The power of group breathing
Government policy sometimes prioritises the wishes of certain groups over the public interest. This is partly driven by unfair influence on decision-making. But what other factors are at play?
Conspire, /kənˈspʌɪə/, late Middle English: from Old French conspirer, from Latin conspirare ‘agree, plot’, from con- ‘together with’ + spirare ‘breathe’.
Most people would agree that conspiracies are bad. However, the core meaning of the word ‘conspire’ is simply to ‘breathe together’, and at various points in history this word has been understood in this more neutral sense rather than its usual negative sense.
Some people believe that our political and economic elites are actively engaged in a shadowy conspiracy to rule the country (or the whole world) in their own interests. I don’t subscribe to this theory, but you don’t need to be a conspiracy theorist to acknowledge the clear evidence that there is at the very least some ‘group breathing’ going on. If there wasn’t some level of alignment between these two groups, it would be hard to explain why our elected politicians regularly make policy decisions that seem to privilege the interests of wealthy people and businesses over those of the public at large. A recent example is the failure to include reforms to capital gains taxation in November’s budget - reforms that were supported by experts from across the political spectrum.
To what extent is this alignment the product of a cosy groupthink, or is it to some degree dependent on proactive and sustained lobbying from ‘economic elites’ to overcome any dissenting voices from either within or outside the halls of power?

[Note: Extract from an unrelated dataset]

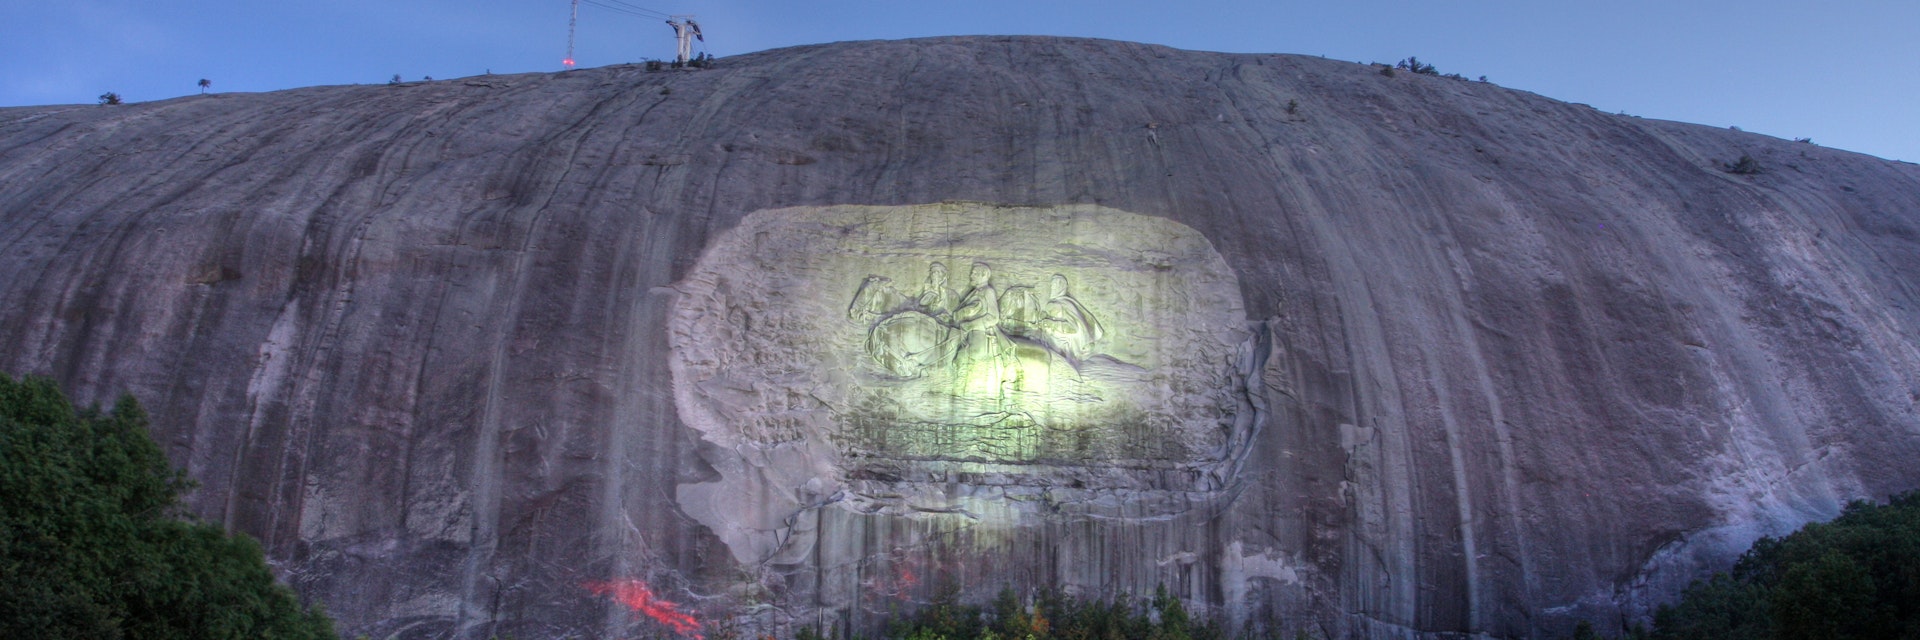 fireworks at Stone Mountain in Atlanta; Shutterstock ID 35528275; your: Bridget Brown; gl: 65050; netsuite: Online Editorial; full: POI Image Update

What is clear is that there is a lot of lobbying, and it is often opaque and poorly regulated, and it is overwhelmingly carried out by ‘economic elites’ as opposed to those who represent a different or broader set of interests. This can be quantified (see below). What cannot be quantified is how much this lobbying actually influences government policy decisions. But it is certainly the case that wealthy groups exercise undue influence on policymaking, especially when it comes to economic policy.
How economic policy decisions are made matters in terms of what decisions are made, but also because unfair processes based on unequal political influence undermine public faith in democracy.

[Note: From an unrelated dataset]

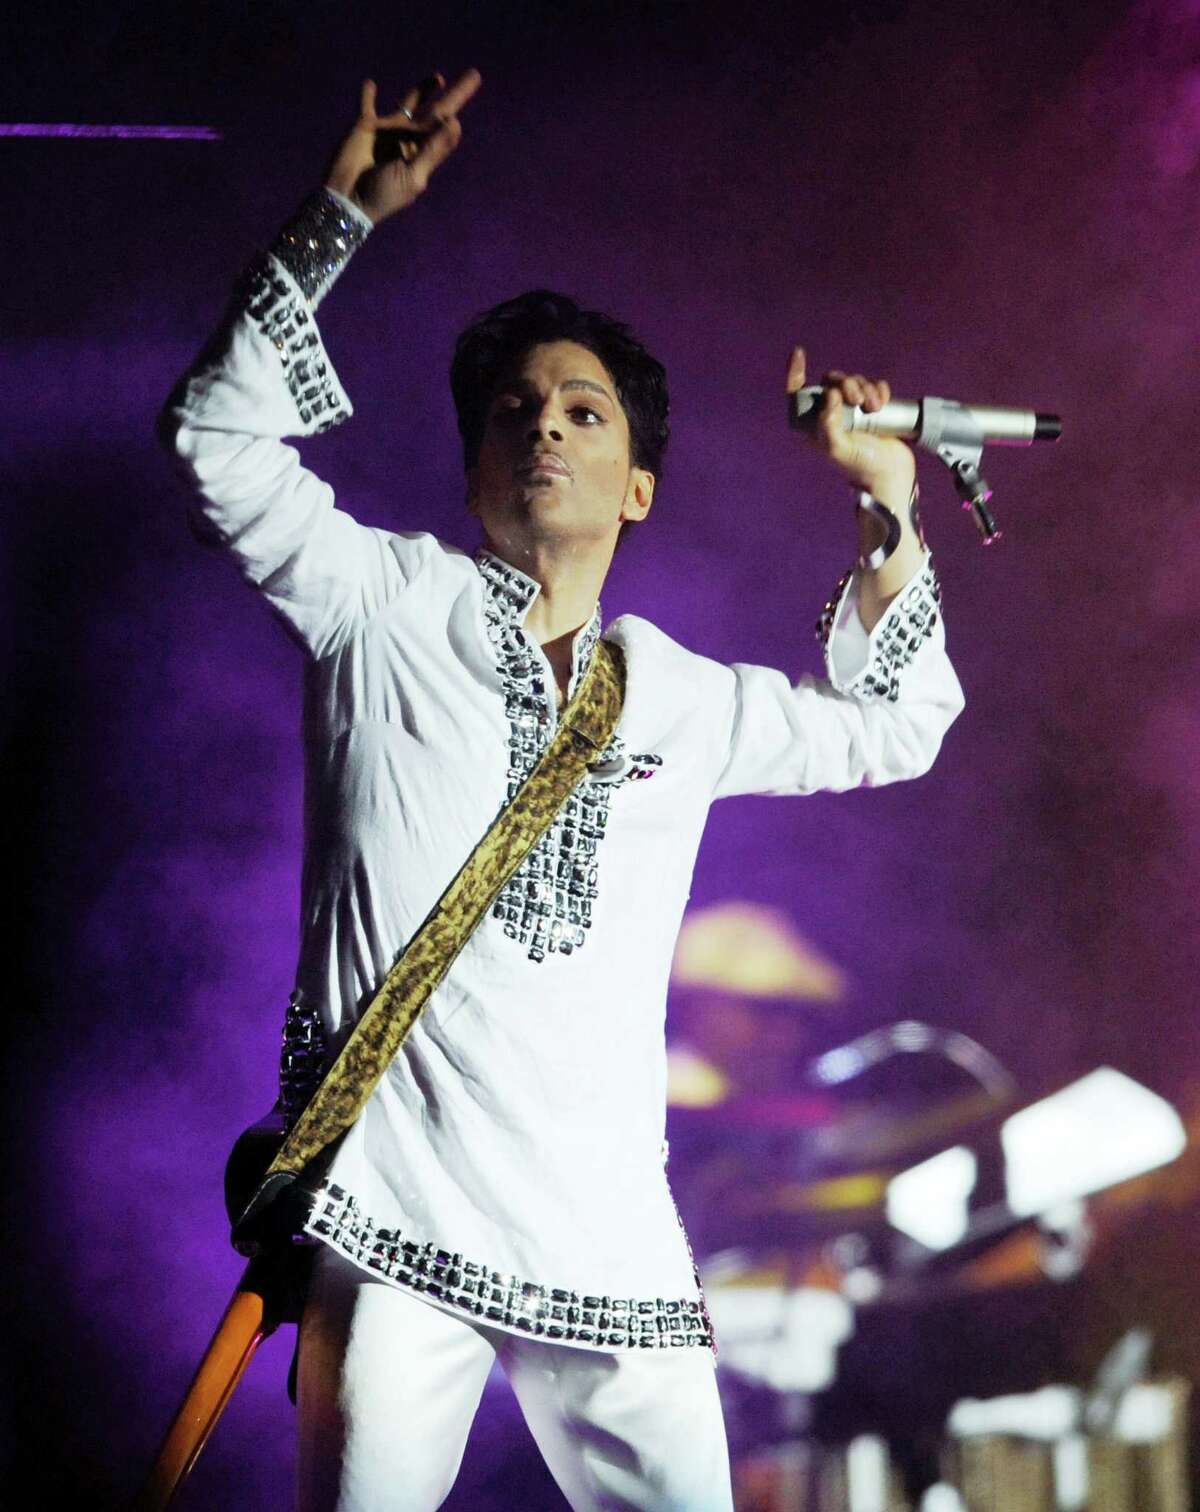 In this April 26, 2008, file photo, Prince performs during the second day of the Coachella Valley Music and Arts Festival in Indio, Calif. A law-enforcement official says that tests show the music superstar died of an opioid overdose. Prince was found dead at his home on April 21, 2016, in suburban Minneapolis. He was 57.

And that faith is already low. Our polling last year found that 63% of Britons think that the very rich have too much influence on politics in the UK; in 2023 we discovered that 75% of people are concerned that people with net wealth of £10m or more have too much influence on the political system, and the ONS has shown that 69% of people feel that they do not have any say in what the government does.
Perception is not the same as reality, but reality drives perception, and the link between the two is particularly strong in this case, reinforced in the public mind by evidence both of the process (high-profile instances of ‘one rule for them, one for the rest of us’ in politics, such as partygate during Covid) and the end result (broken social contract, spiralling cost of living, crumbling public services, and so on).
We can debate whether a particular economic policy decision was the right one or not, but it is hard to defend a system where policy is not made openly, fairly and with due regard paid to the public interest.
And yet that is the system that we have. Last year, a report by Spotlight on Corruption examined who got access to ministers, senior officials and special advisers in six government departments responsible for economic decision-making, by reviewing data on meetings, hospitality and secondments between January 2019 and September 2024 (i.e. including the first three months of the new Labour government).
The report looked at who decision-makers are meeting most to see whether certain groups, such as charities and consumer groups, or academics – groups that provide a public interest perspective, and a counterweight to private commercial interests – were getting squeezed out. It also explored whether business groups are getting additional access and influence through other routes like hospitality and secondments and, if so, how. Given that the main route for the public to feed into policy is through public consultations, it looked at whether these are actually providing an effective route for participation, focusing on consultations held by the Treasury between 2019 and 2024. Finally, it looked at the other routes through which outside interests can exert influence over policy making, from employing former ministers or officials, to undeclared meetings with party donors.
The findings are pretty shocking. The ratio of business and commercial stakeholders getting meetings compared to civil society and consumer groups was 23 to one. Just 2.3% of stakeholders who met with ministers and senior officials in the Treasury were from civil society or consumer groups prior to the election – and this dropped even further after the election, to 1.5%. Some firms exercised even greater influence through hospitality and secondments. Barclays and HSBC provided the first and second most hospitality to senior Treasury officials, and had the third and first most meetings respectively with them. Firms including HSBC, Lloyds, UK Finance and Aviva, who get the most meetings and provide significant hospitality to Treasury senior officials and ministers, have also had secondees in the Treasury, suggesting that they may be getting “a third bite at the influence cherry”. Over 50% of respondents to Treasury consultations come from industry (where details of respondents are provided).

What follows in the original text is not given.